# [DIRECTIONS FOR THIS TASK]
In the data below, reproduce everything exactly except the images.

# [DATA BLOCK]
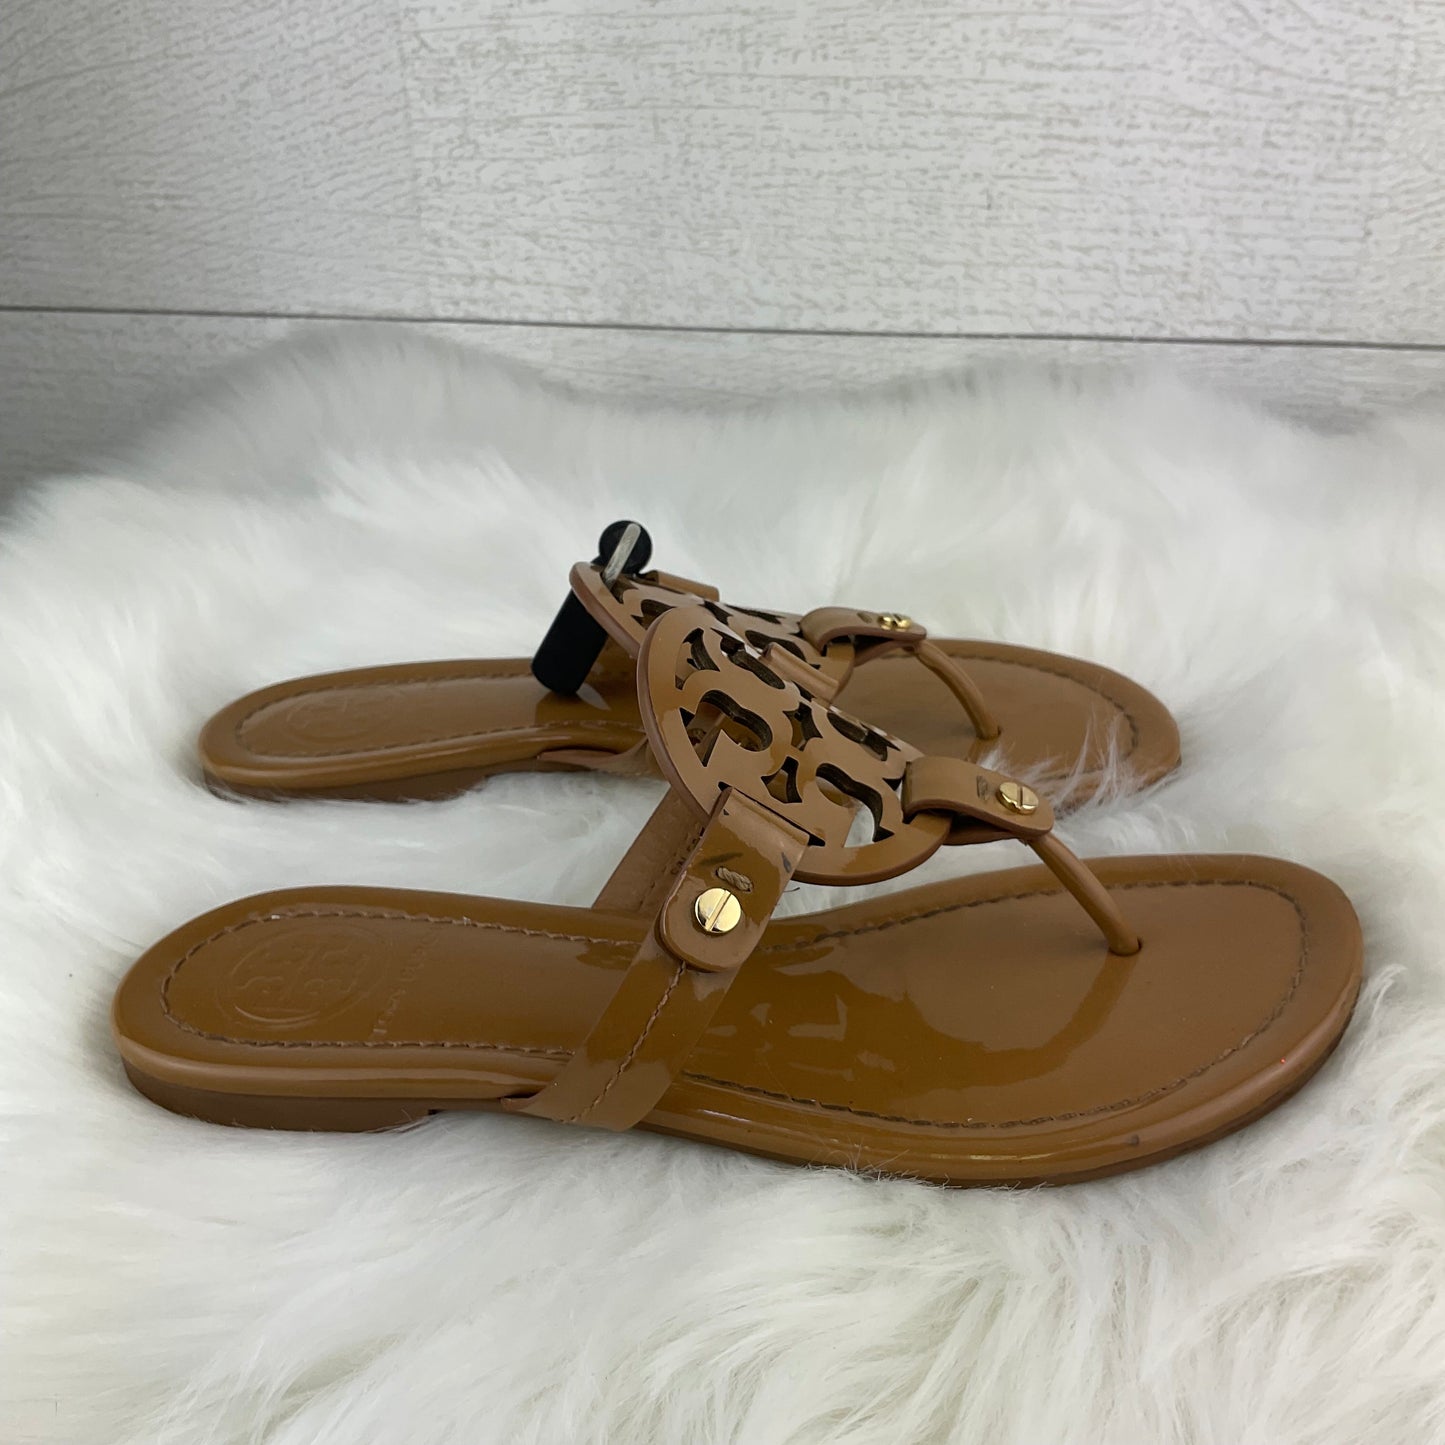 Brown Shoes Flats Tory Burch, Size 5
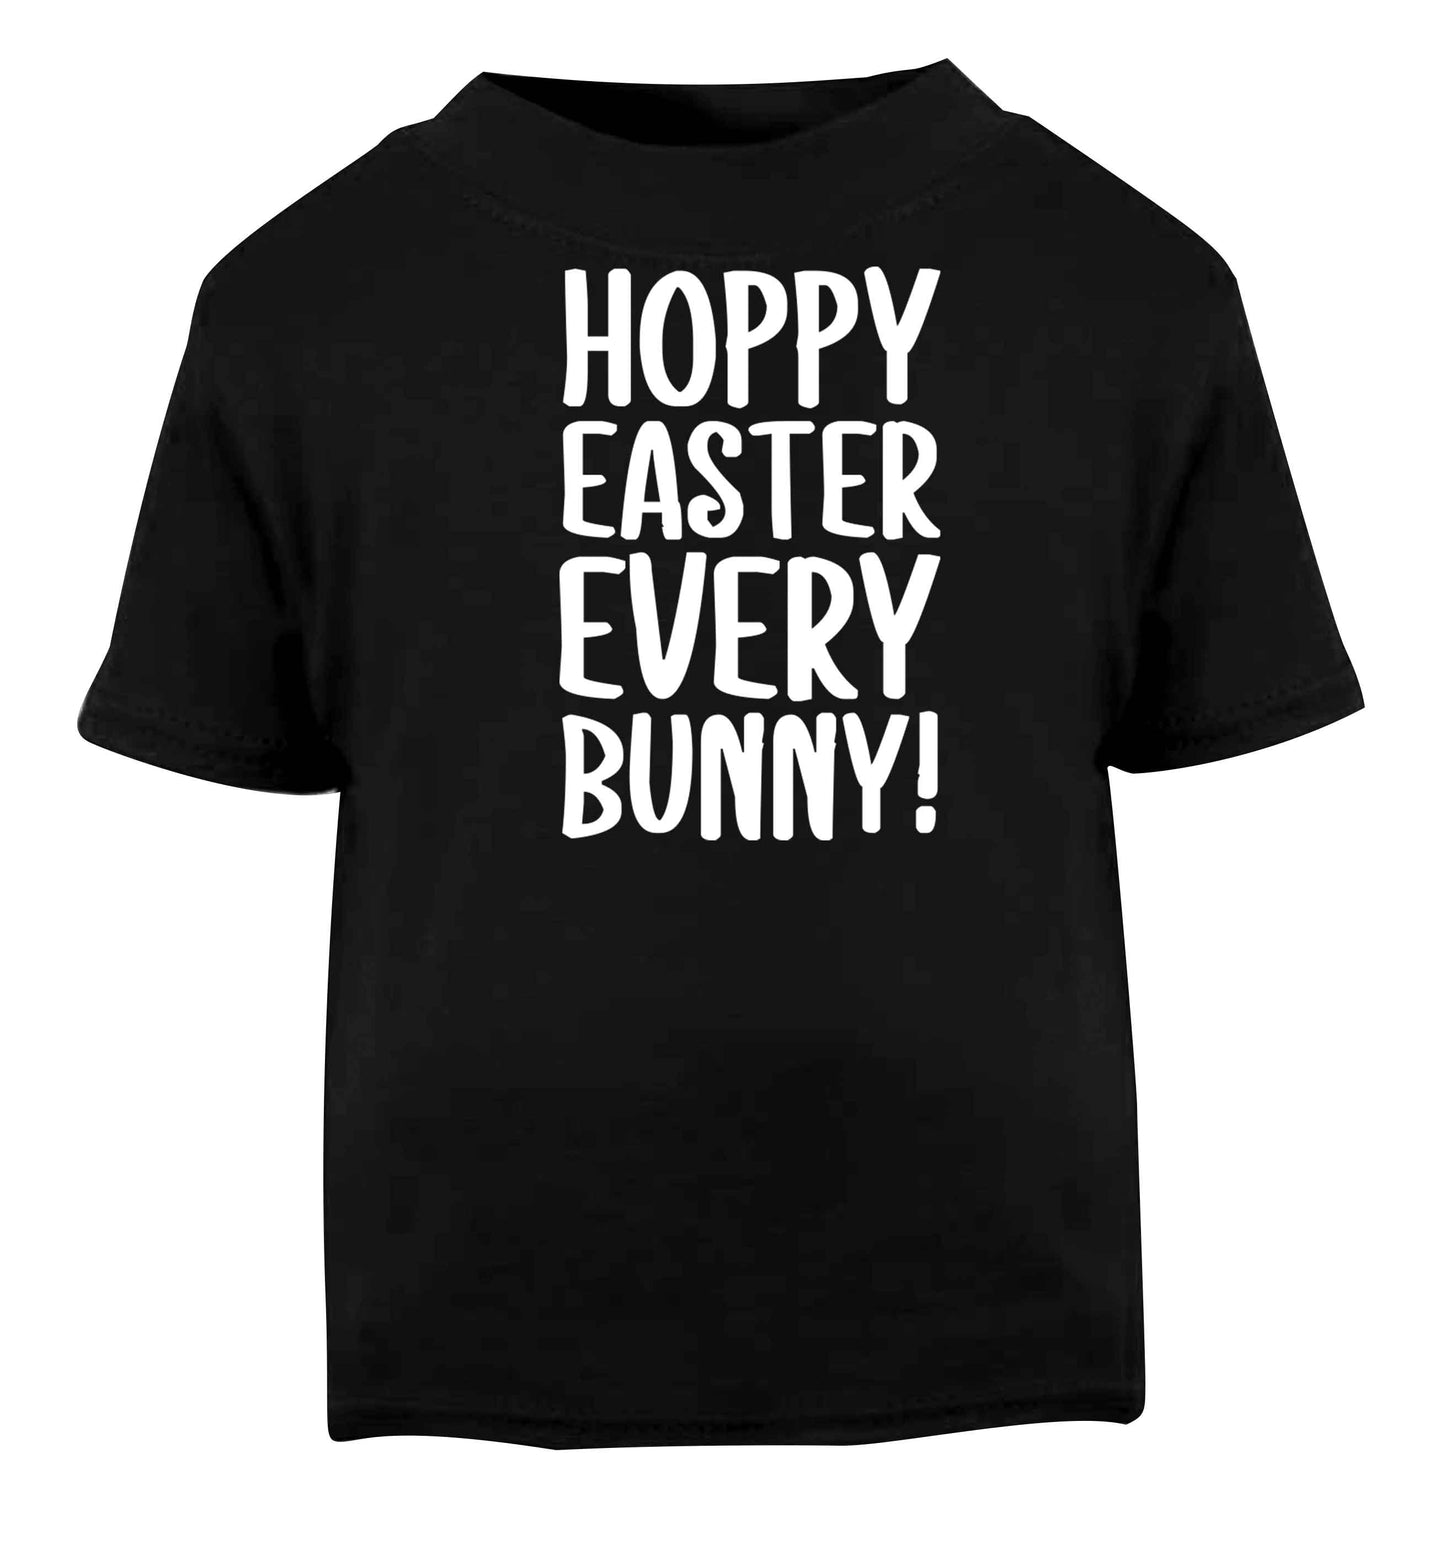 Hoppy Easter every bunny! Black baby toddler Tshirt 2 years
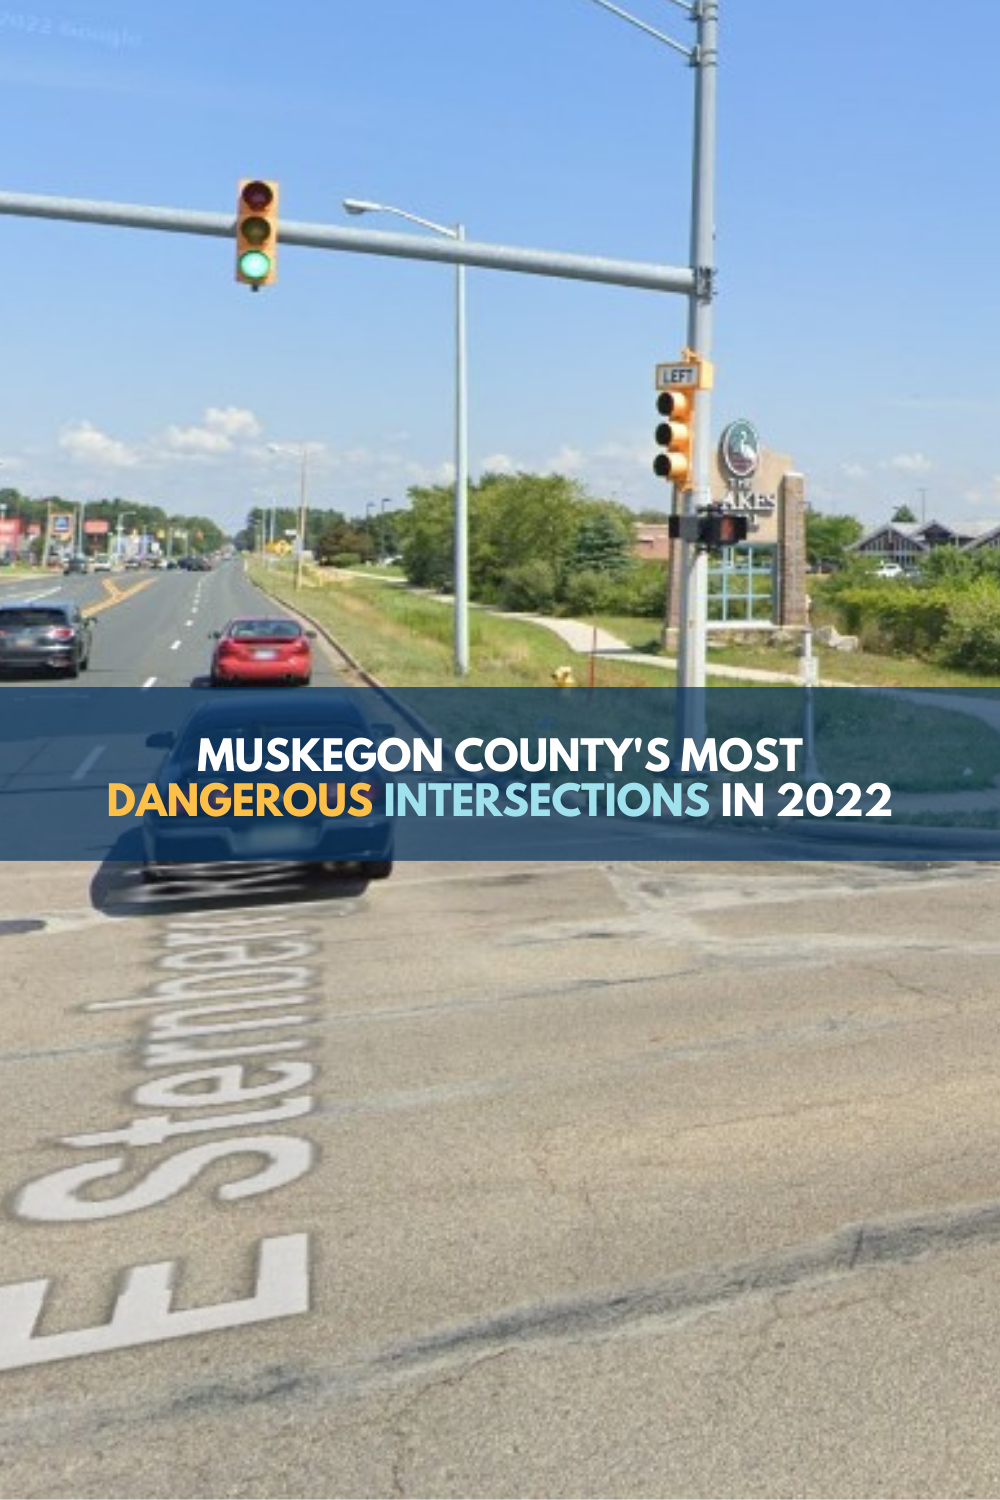 Muskegon County’s Most Dangerous Intersections in 2022

# [WRITTEN SOLUTION]
 Brown Shoes Flats Tory Burch, Size 5
 Hoppy Easter every bunny! Black baby toddler Tshirt 2 years
 Muskegon County’s Most Dangerous Intersections in 2022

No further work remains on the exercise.